Use yardstick_table() to create weighted confusion matrices:

xtab <- yardstick::yardstick_table(truth, estimate, case_weights = case_weights)

What yardstick_table Returns

yardstick_table() returns a base R table object (which is technically an array):

xtab <- yardstick_table(truth, estimate)
class(xtab)
# [1] "table"

# It's a 2D array with dimnames
dimnames(xtab)
# $truth
# [1] "yes" "no"
#
# $estimate
# [1] "yes" "no"

Structure: - Rows represent actual truth values - Columns represent predicted estimate values - Cell values are counts (or weighted counts if case_weights provided)

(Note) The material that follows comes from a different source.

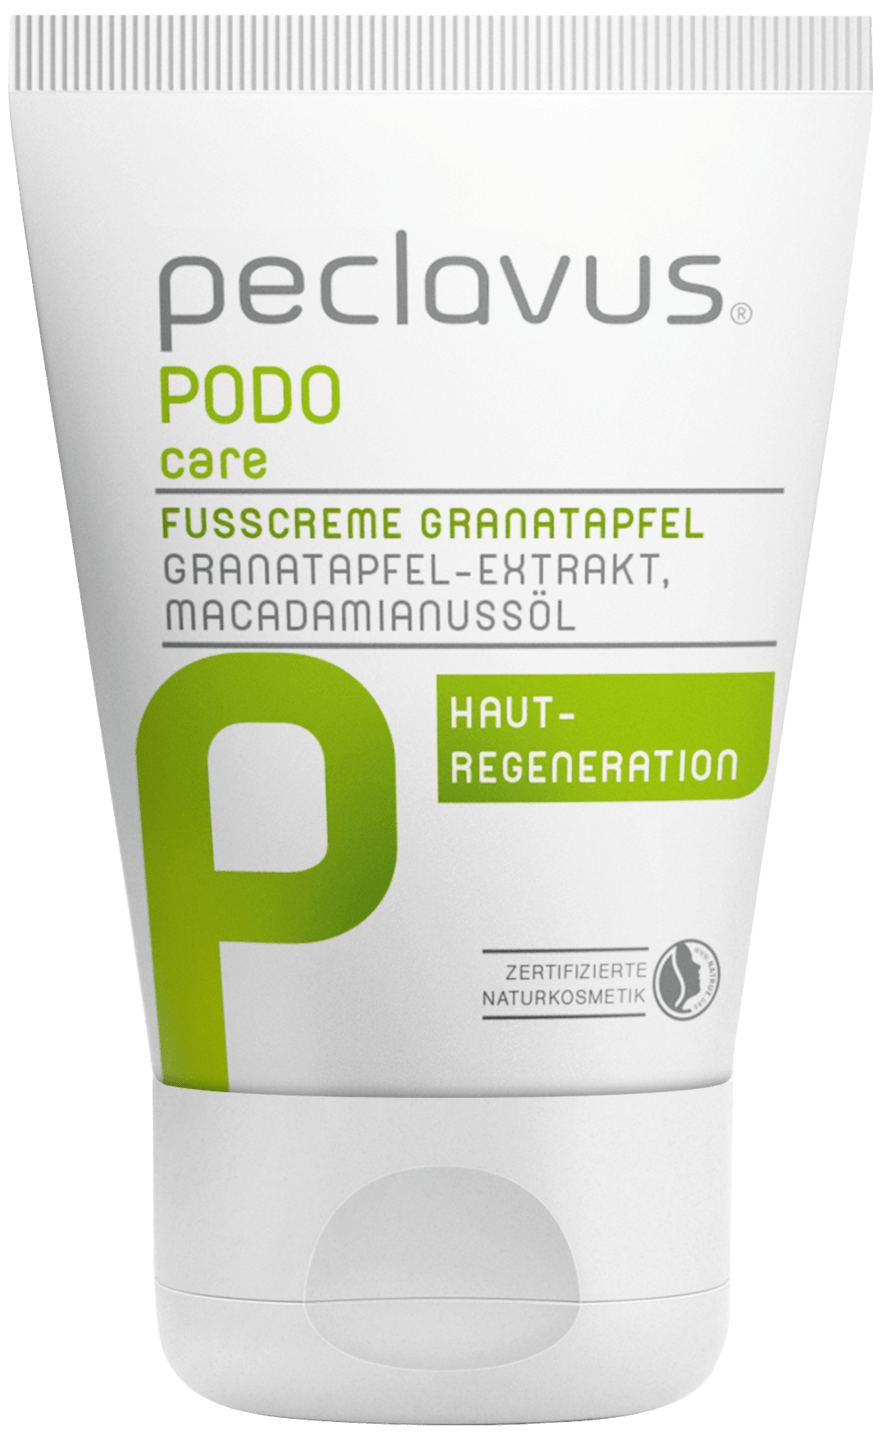 peclavus - Fußcreme Granatapfel, 30 ml

How Case Weights are Incorporated

When you provide case_weights, they’re summed within each cell:

truth <- factor(c("A", "A", "B", "B"))
estimate <- factor(c("A", "B", "A", "B"))
weights <- c(1, 2, 3, 4)

xtab <- yardstick_table(truth, estimate, case_weights = weights)
#      estimate
# truth A B
#   A   1 2  # Weights for correct/incorrect "A" predictions
#   B   3 4  # Weights for incorrect/correct "B" predictions

Without weights, these would just be counts (1, 1, 1, 1).

Accessing Elements Correctly

Critical: Use character names, not integer indices:

# Good: use level names
tp <- xtab["yes", "yes"]
fp <- xtab["no", "yes"]

# Bad: numeric indices can be confusing
tp <- xtab[1, 1]  # Which level is row 1?

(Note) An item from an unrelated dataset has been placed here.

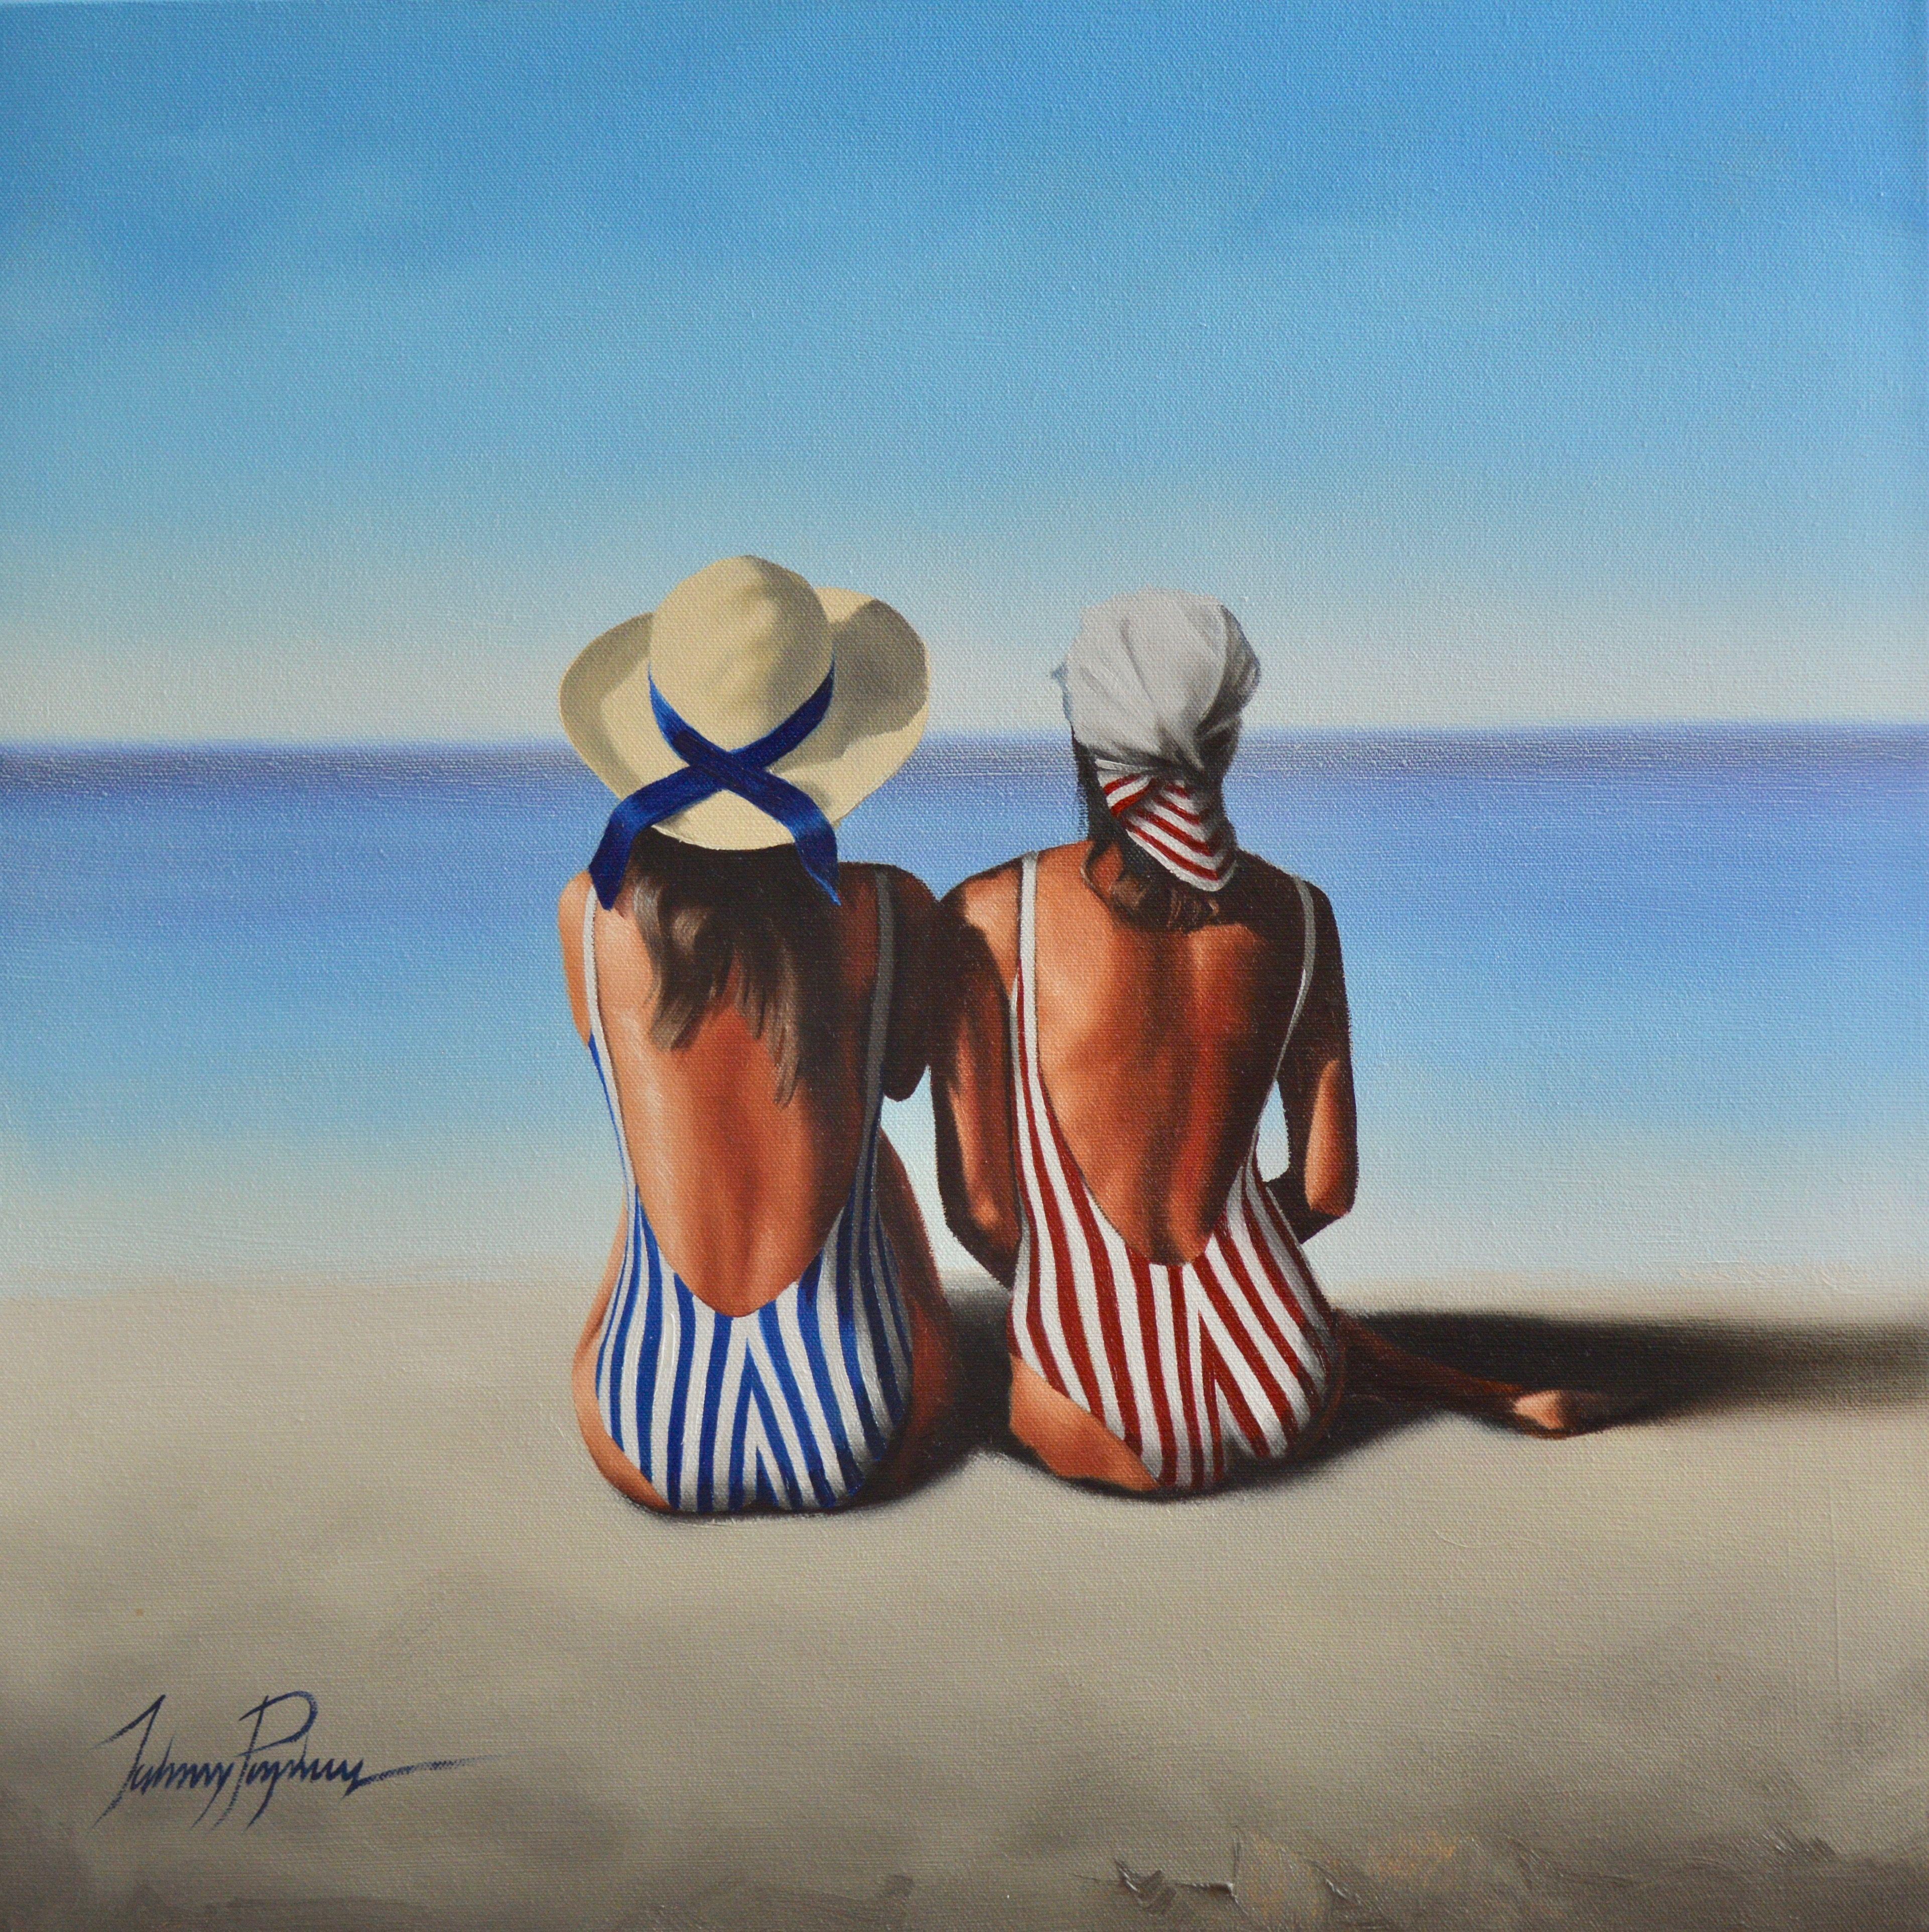 La plage, peinture à l'huile sur toile - Painting de John Popkess

Pattern for binary metrics

# Determine event and control levels
event <- if (identical(event_level, "first")) {
  levels(truth)[1]
} else {
  levels(truth)[2]
}
control <- setdiff(levels(truth), event)

# Access using names
tp <- xtab[event, event]      # True positives: actual event, predicted event
fp <- xtab[control, event]    # False positives: actual control, predicted event
fn <- xtab[event, control]    # False negatives: actual event, predicted control
tn <- xtab[control, control]  # True negatives: actual control, predicted control

Remember: - First index (row) = actual truth - Second index (column) = prediction - Format: xtab[truth_value, predicted_value]

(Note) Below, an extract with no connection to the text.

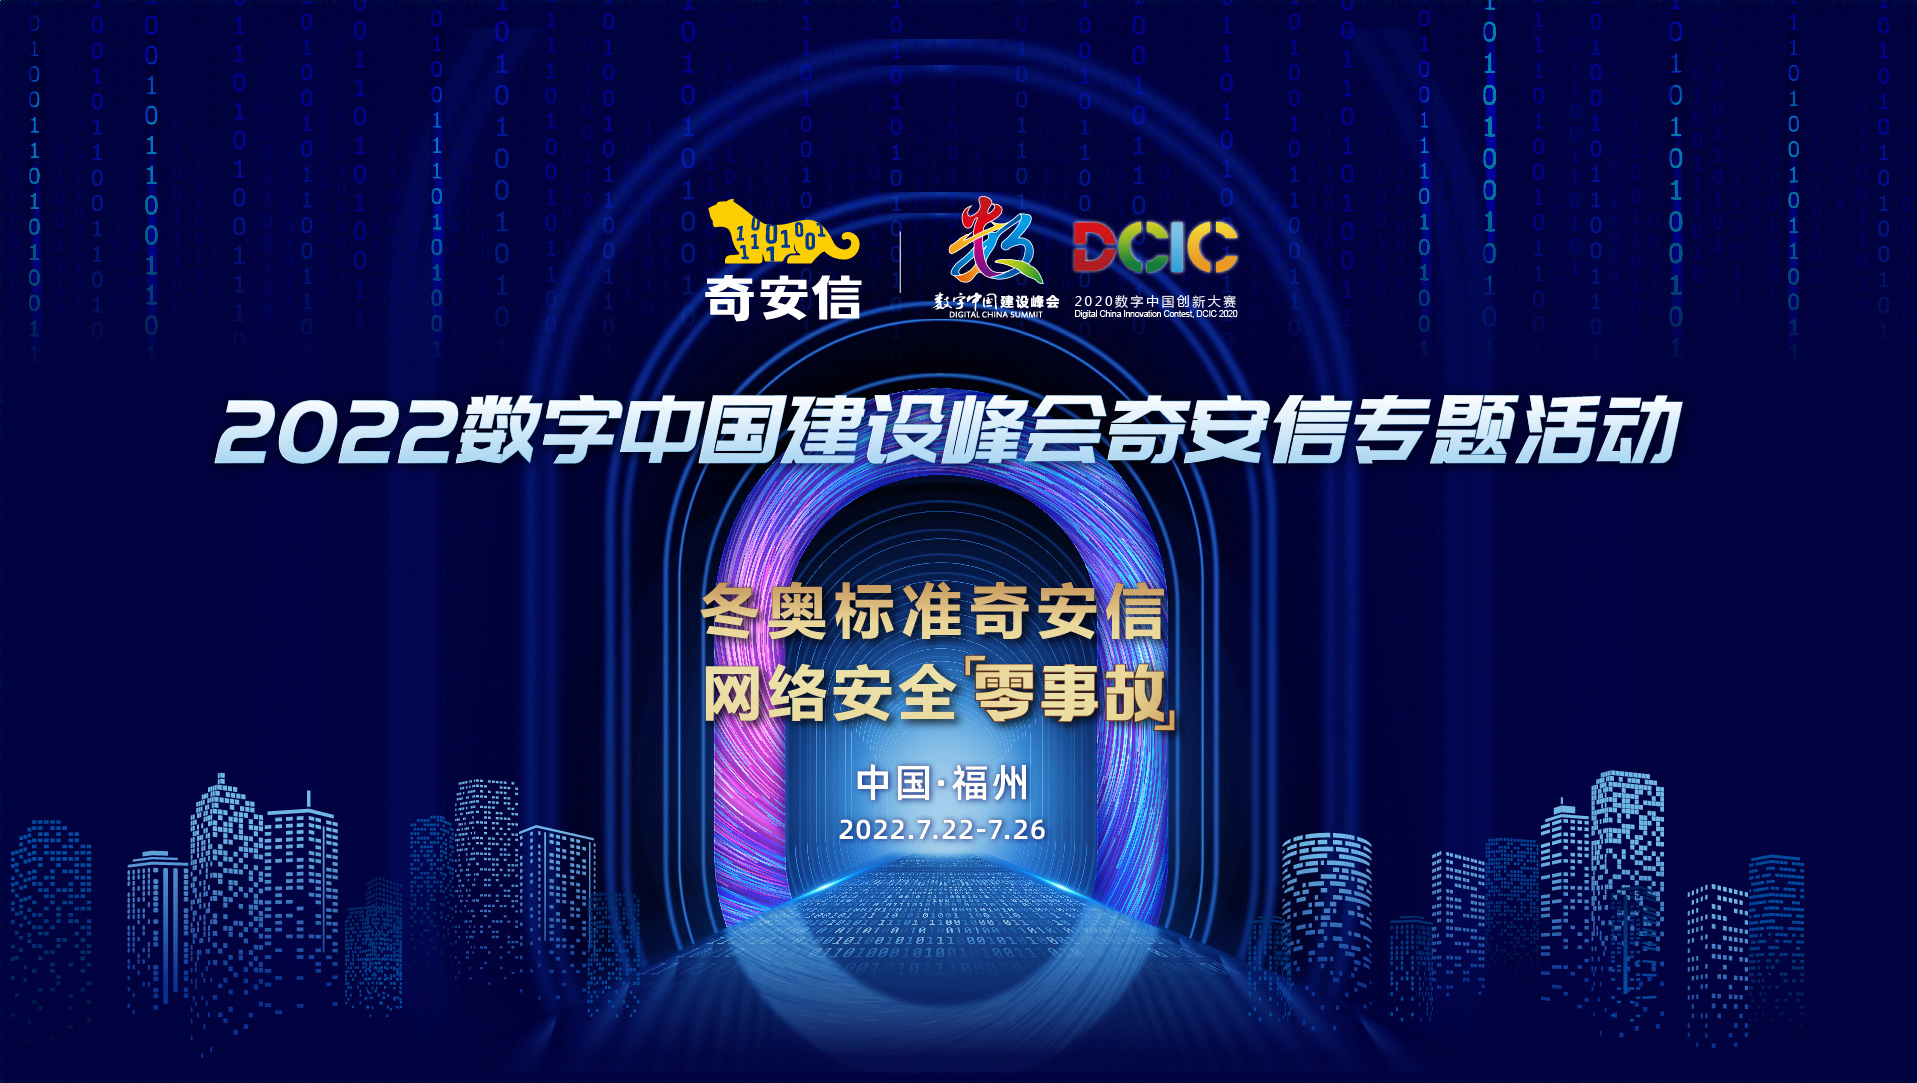 第五屆數字中國建設峰會——冬奧標準奇安信 網絡安全零事故系列精彩活動

Confusion Matrix for Multiclass

For multiclass, the table is larger:

truth <- factor(c("A", "A", "B", "B", "C", "C"))
estimate <- factor(c("A", "B", "A", "C", "C", "A"))

xtab <- yardstick_table(truth, estimate)
#      estimate
# truth A B C
#   A   1 1 0
#   B   1 0 1
#   C   1 0 1

Extracting per-class metrics

# True positives: diagonal elements
tp <- diag(xtab)
# [1] 1 0 1  (for A, B, C respectively)

# Total actual per class: row sums
actual_per_class <- rowSums(xtab)
# [1] 2 2 2

# Total predicted per class: column sums
predicted_per_class <- colSums(xtab)
# [1] 3 1 2

# False positives for each class: column sum minus diagonal
fp <- colSums(xtab) - diag(xtab)
# [1] 2 1 1

# False negatives for each class: row sum minus diagonal
fn <- rowSums(xtab) - diag(xtab)
# [1] 1 2 1

Efficient multiclass patterns

Use vectorized operations:

# Good: matrix operations
tp <- diag(xtab)
fp <- colSums(xtab) - tp
fn <- rowSums(xtab) - tp

# Calculate per-class precision
precision <- tp / (tp + fp)

# Calculate per-class recall
recall <- tp / (tp + fn)

Common Mistakes with Table Indexing

Mistake 1: Row/column confusion

# Correct understanding:
tp <- xtab[event, event]  # actual event, predicted event

# Wrong interpretation:
# Thinking columns are truth - THEY ARE NOT
# Rows = actual truth, Columns = predictions

Remember: xtab[truth_value, predicted_value]

Mistake 2: Assuming numeric indices

# Fragile: depends on factor level order
tp <- xtab[1, 1]
fp <- xtab[2, 1]

# Robust: uses level names
tp <- xtab[event, event]
fp <- xtab[control, event]

Mistake 3: Not handling zero counts

# When a cell is zero, it's still numeric
fp <- xtab[control, event]  # Could be 0

# Don't need special handling for zeros
sensitivity <- tp / (tp + fn)  # Works even if fn = 0 (gives Inf or NaN)

Zero counts are valid and operations handle them correctly (may result in Inf or NaN which is expected).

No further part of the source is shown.